**DATASET EXTRACT**
=======
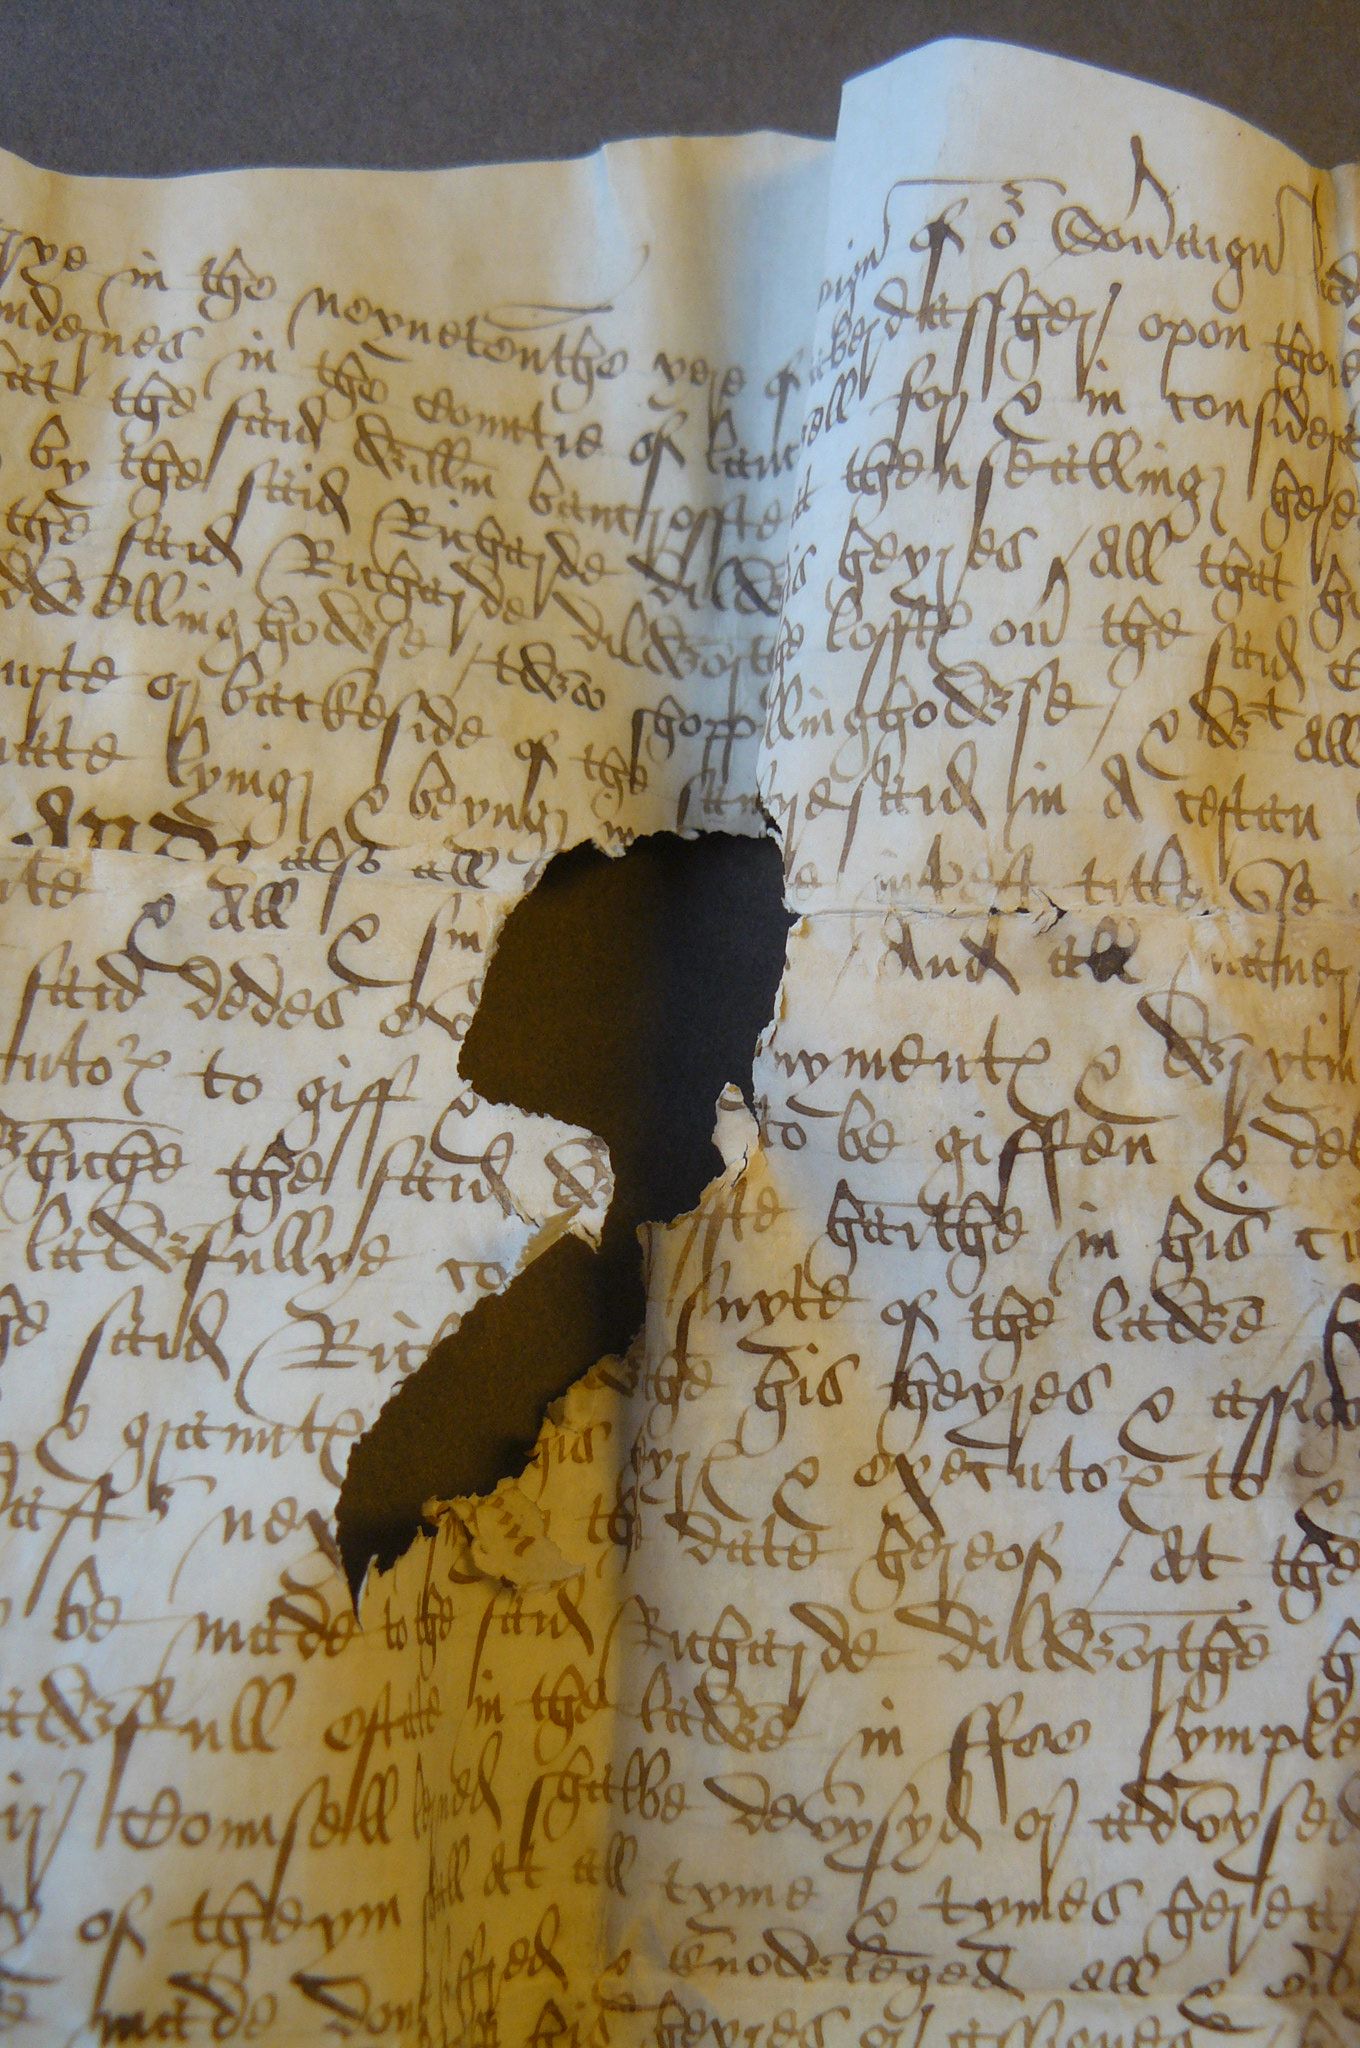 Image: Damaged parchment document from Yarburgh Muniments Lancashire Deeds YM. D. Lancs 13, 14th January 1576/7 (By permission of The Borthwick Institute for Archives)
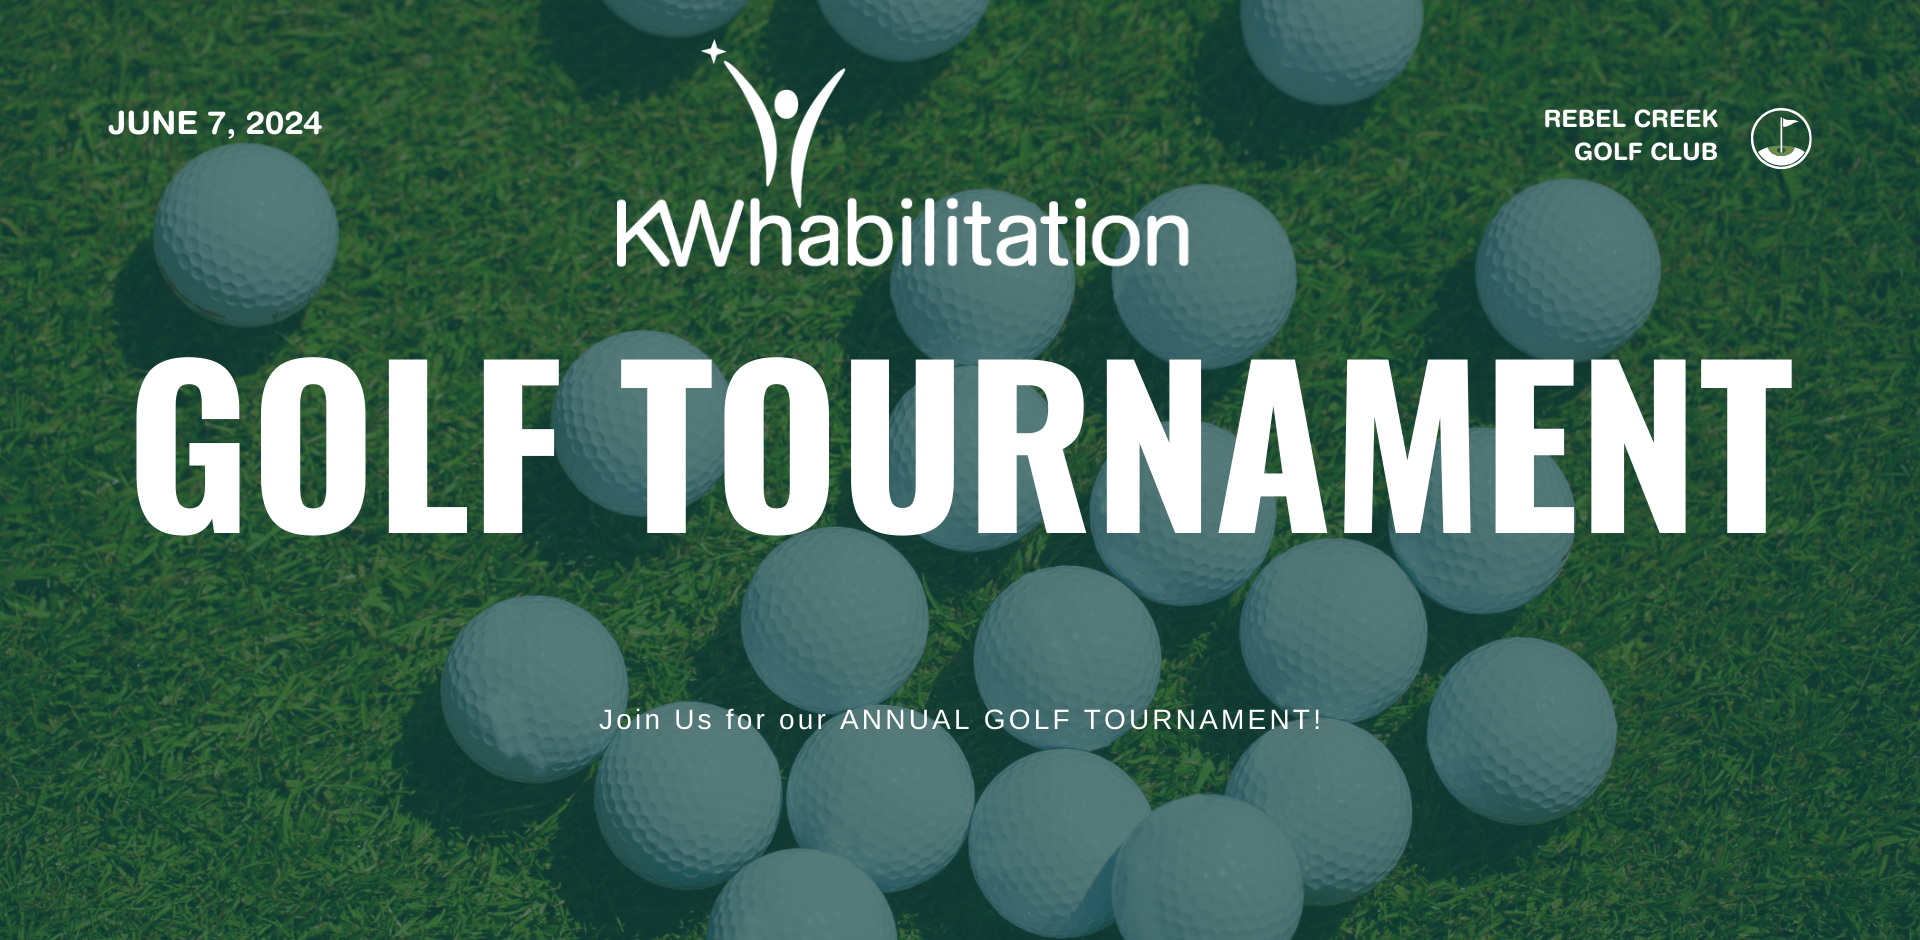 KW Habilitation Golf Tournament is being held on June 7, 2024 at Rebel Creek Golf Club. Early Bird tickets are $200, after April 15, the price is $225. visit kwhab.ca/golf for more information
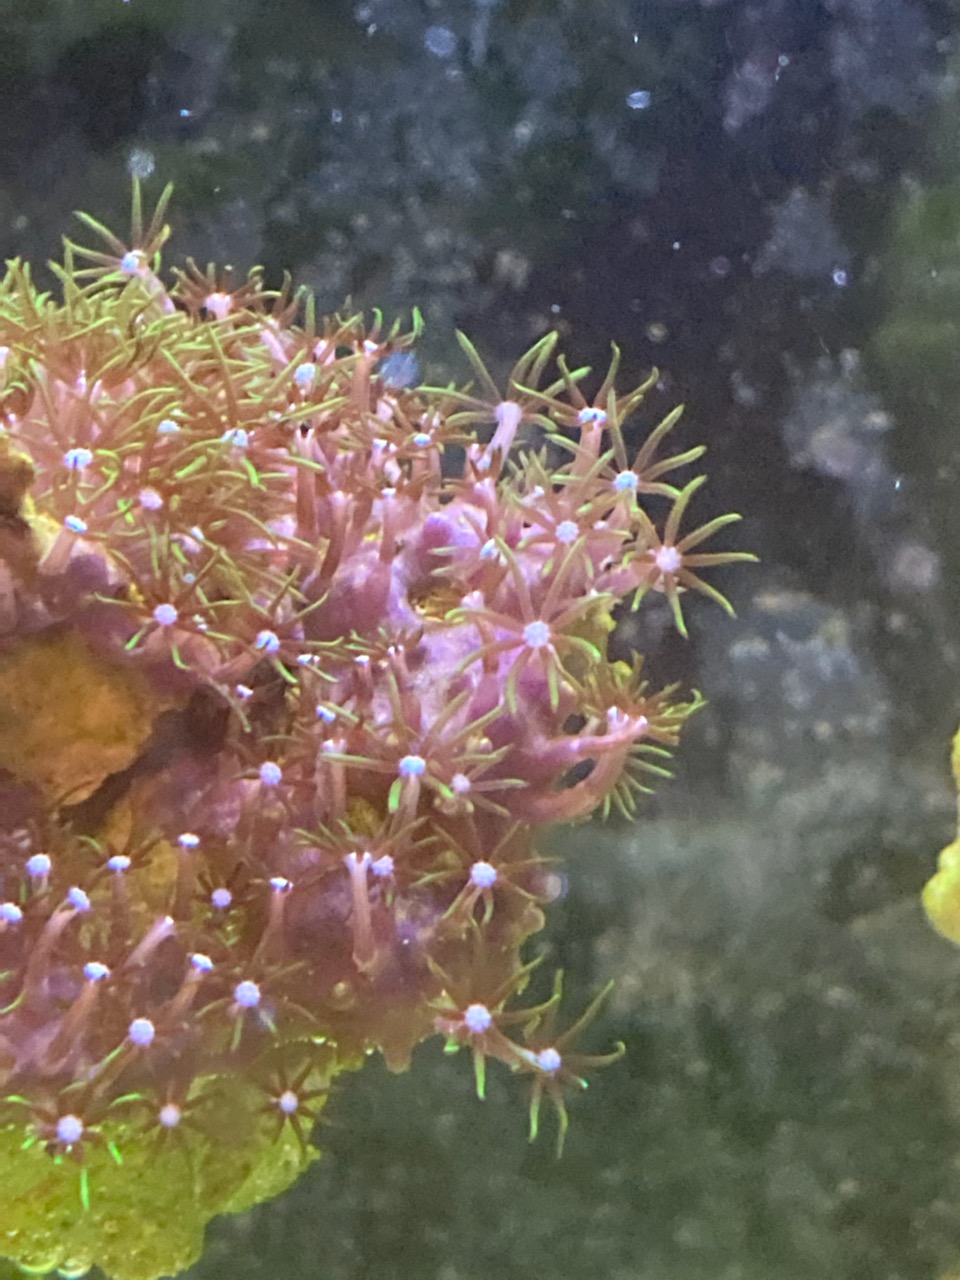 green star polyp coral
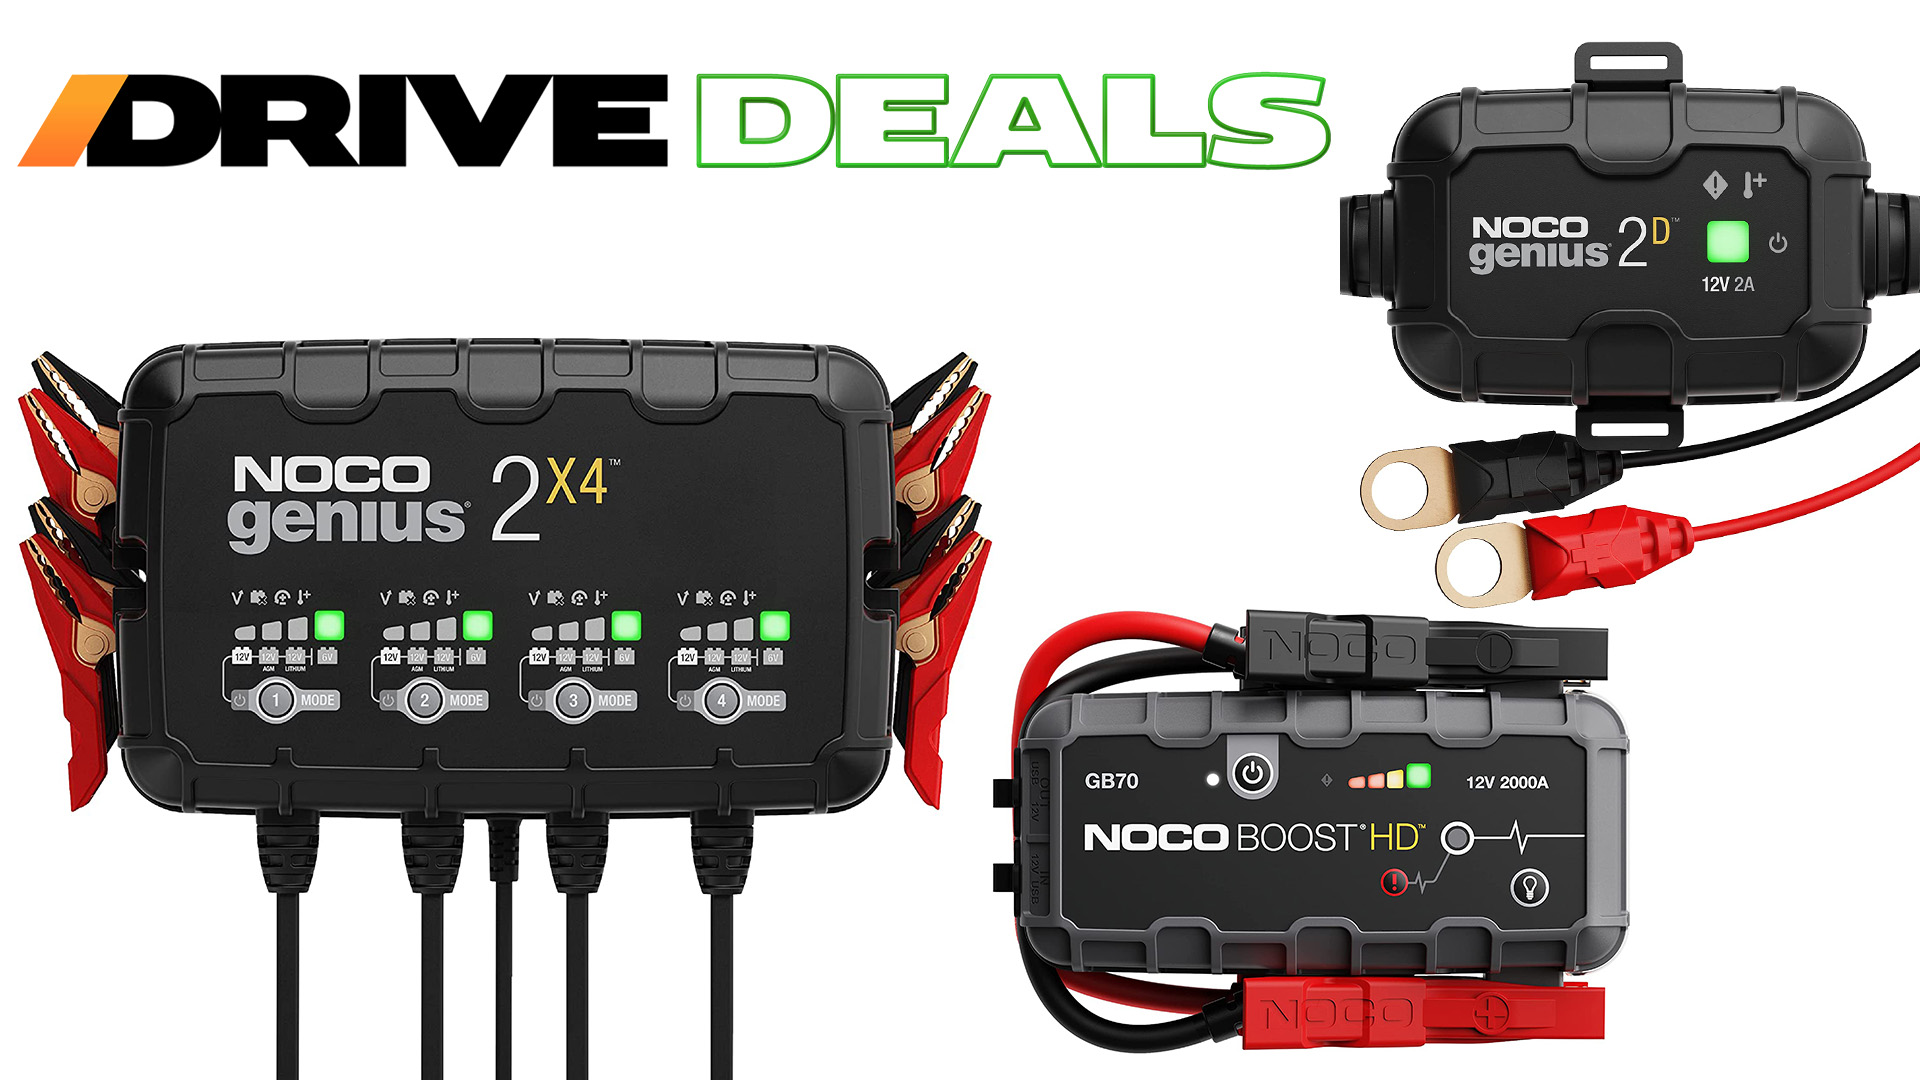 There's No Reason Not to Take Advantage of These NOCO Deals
=======
Take the data above and repeat it exactly, leaving each picture out.

**ANSWER BOX**
 Image: Damaged parchment document from Yarburgh Muniments Lancashire Deeds YM. D. Lancs 13, 14th January 1576/7 (By permission of The Borthwick Institute for Archives)
 KW Habilitation Golf Tournament is being held on June 7, 2024 at Rebel Creek Golf Club. Early Bird tickets are $200, after April 15, the price is $225. visit kwhab.ca/golf for more information
 green star polyp coral
 There's No Reason Not to Take Advantage of These NOCO Deals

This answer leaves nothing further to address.